Collected data
*** Begin section ***

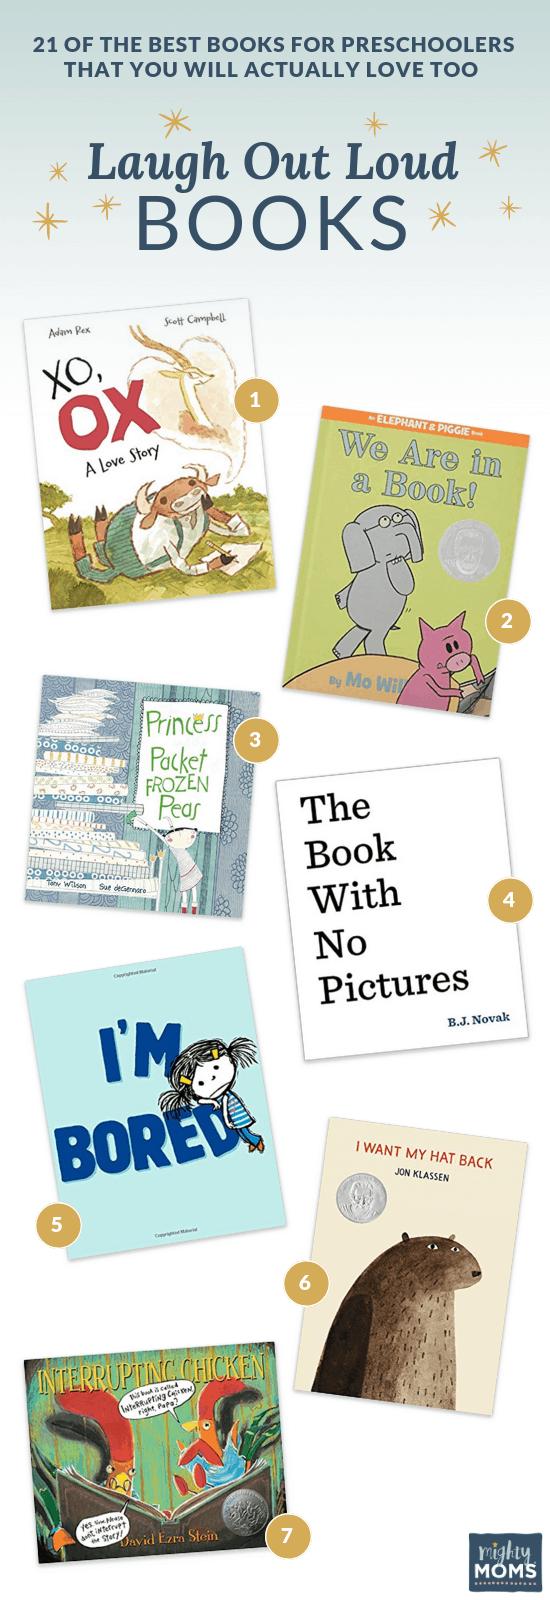 Best Preschool Books for Chuckles - MightyMoms.club
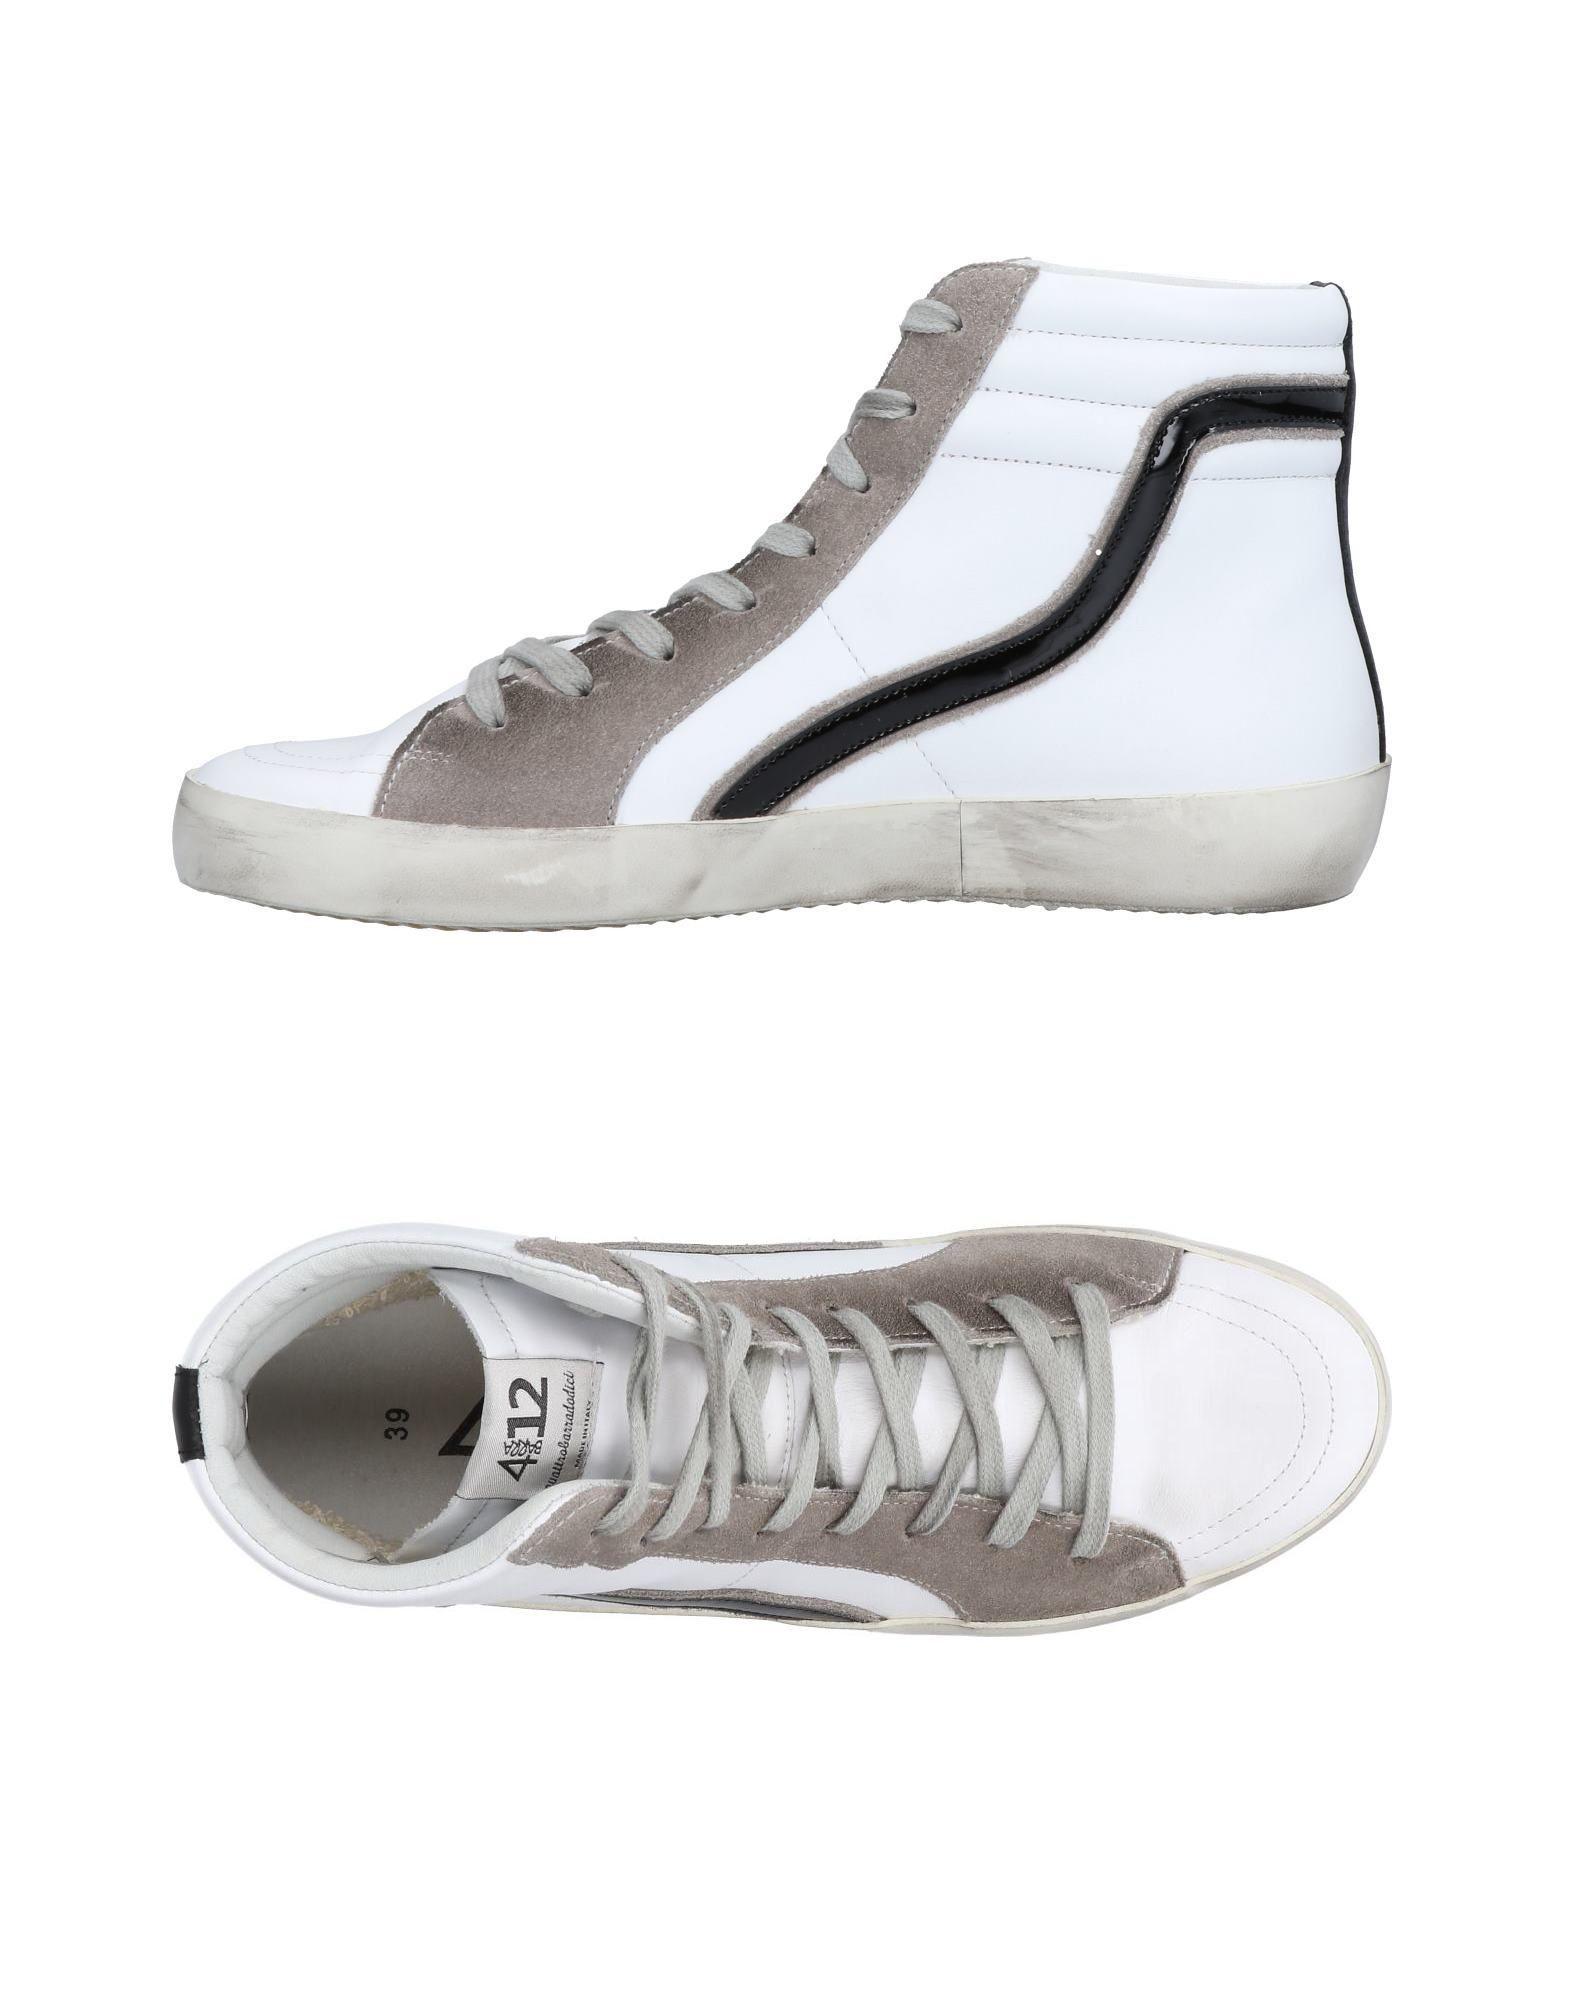 Quattrobarradodici Gute Sneakers Damen  11474145CW Gute Quattrobarradodici Qualität beliebte Schuhe 8ca13d
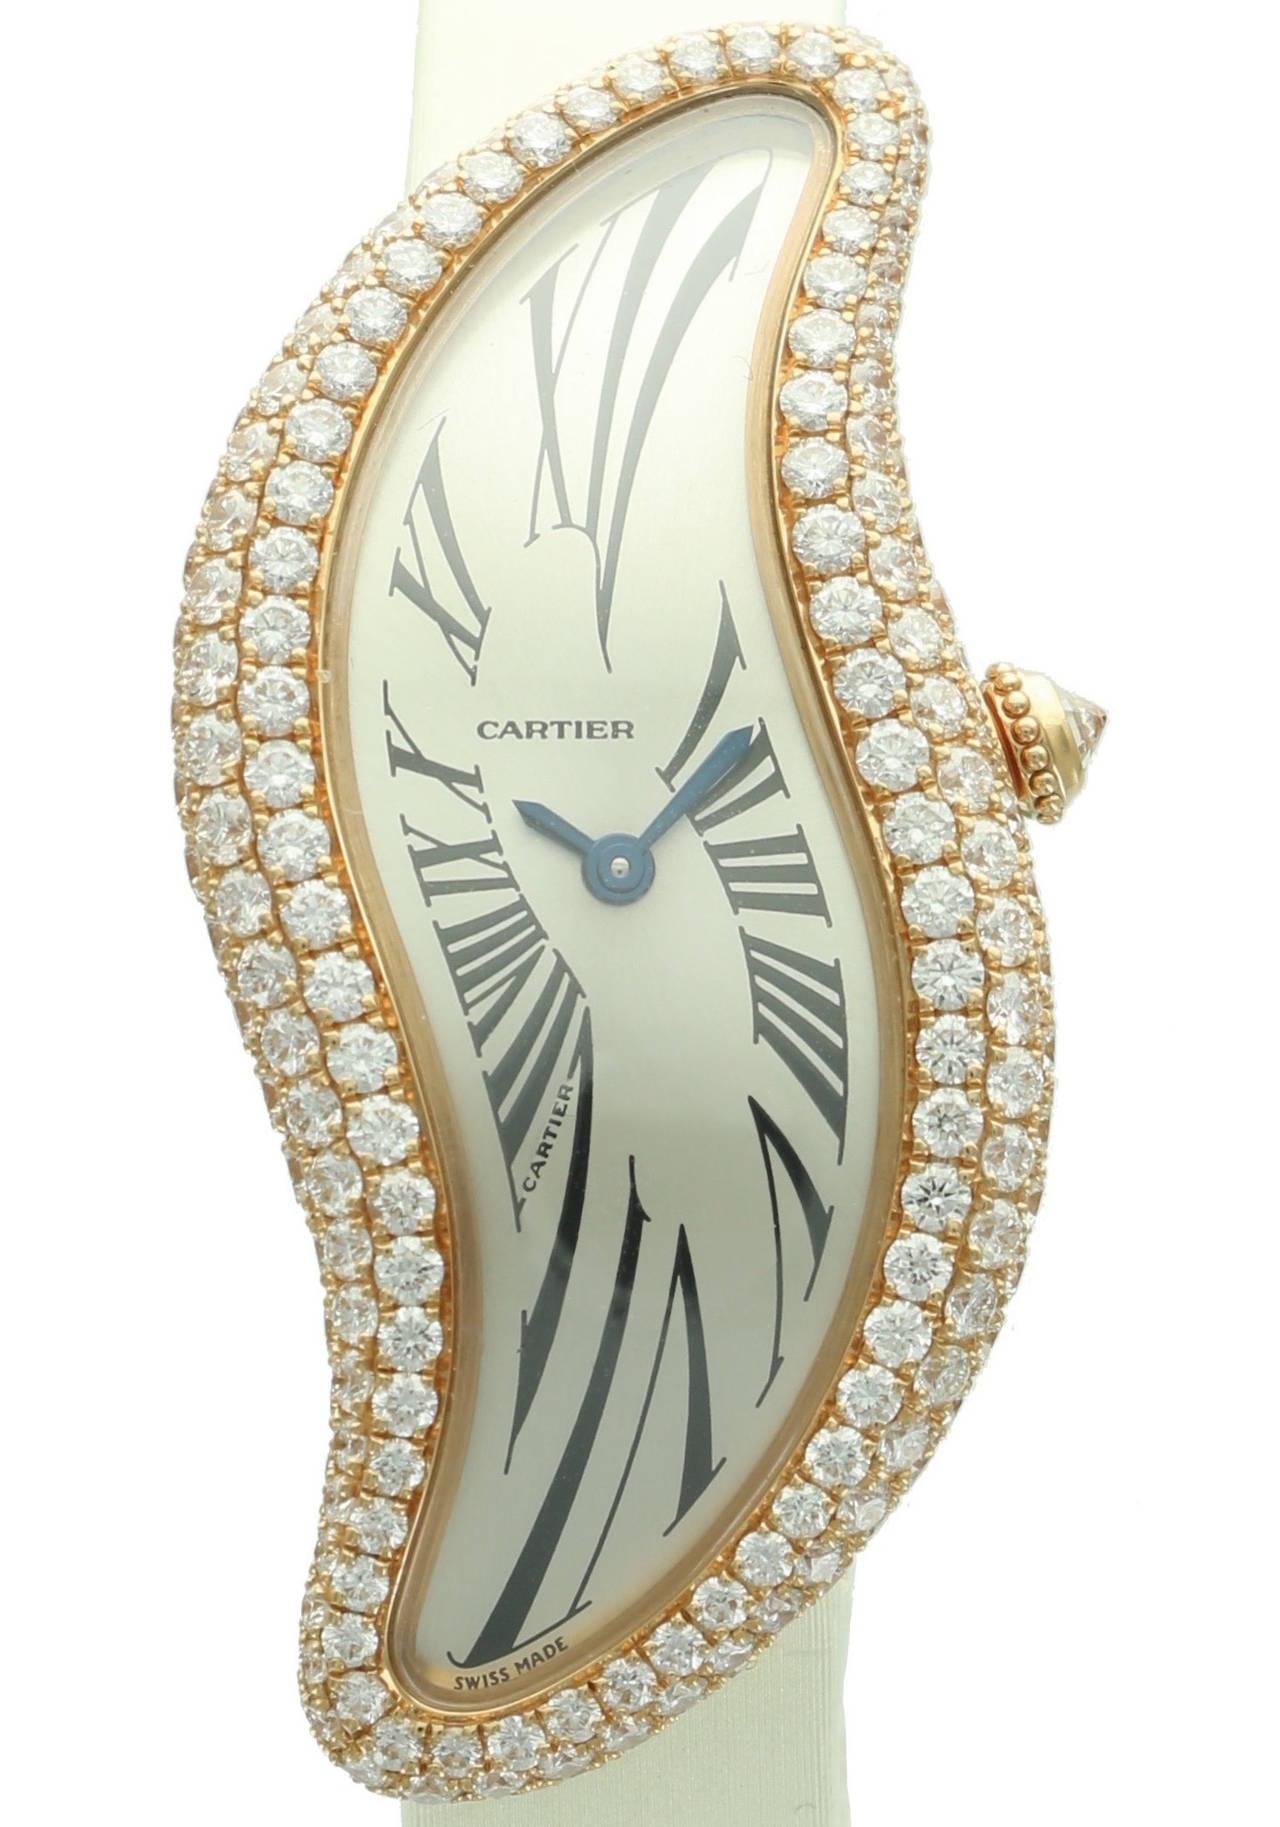 Cartier Lady's Rose Gold Baignoire Wristwatch Ref 3248 2

*** End section ***

Assignment
The expected answer is the data retyped exactly, without pictures.

Answer to this problem
 Best Preschool Books for Chuckles - MightyMoms.club
 Quattrobarradodici Gute Sneakers Damen  11474145CW Gute Quattrobarradodici Qualität beliebte Schuhe 8ca13d
 Cartier Lady's Rose Gold Baignoire Wristwatch Ref 3248 2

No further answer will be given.